36 hours later- we found ourselves at Fairview University in Minneapolis for what they called the “Cadillac of ultrasounds”. I remembered how big and nice the monitor mounted on the wall was for us to see the baby moving around. We talked about how healthy the heartbeat sounded. The nice lady doing the ultrasound gave me a couple pictures to take home. But she then said the doctor would be in to take a second look as a precaution. It seemed like forever before he came in....but having a full bladder always makes this part seem like forever. Finally this strange new doctor came in...took a look here and there...watched some blood flowing to different parts of the baby's body and so forth..... He then said, “Ok, let's let her use the restroom and get dressed first, then we'll talk.”

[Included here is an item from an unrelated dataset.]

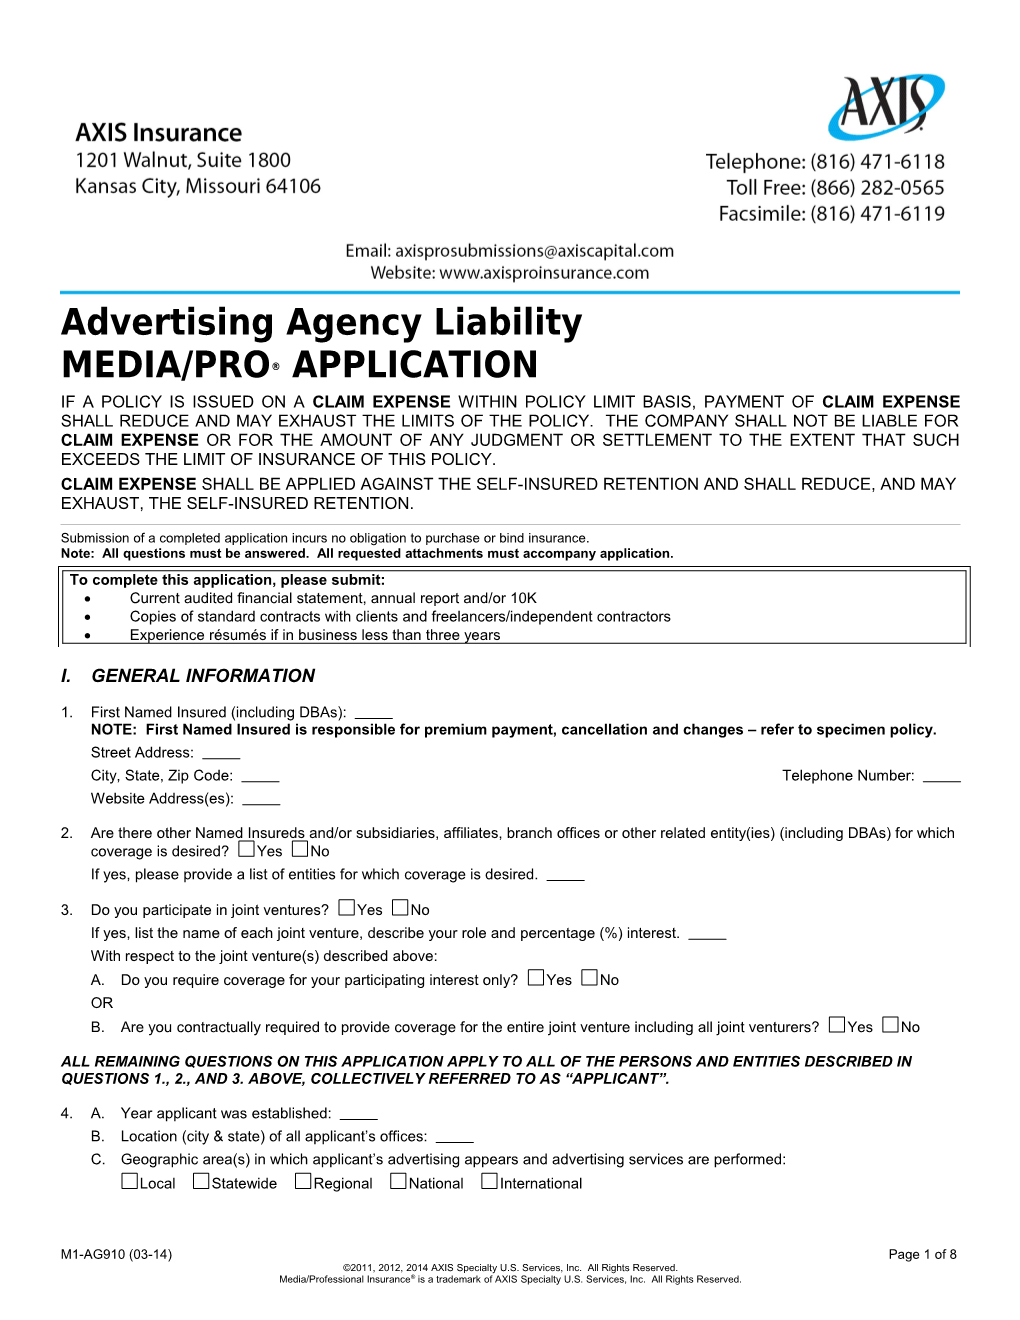 Advertising Agency Liability Application

And then came the news no pregnant Mommy ever wants to hear..."We see a problem with your baby....” They could not see any kidneys developing in our baby. They called the condition “bilateral renal agenesis” or also known as Potters Syndrome. When this happens-- with no kidneys the baby doesn't urinate, which becomes amniotic fluid, which the baby needs to breathe in to develop the lungs..one without the other is incompatible with life. When doctors give you mumble-jumbled medical terms you just kind of let it slide but when they use the term “incompatible with life”, you start listening up real close!! So I asked them... "what exactly are you saying?” He replied “I'm sorry but your baby will not survive in the outside world.”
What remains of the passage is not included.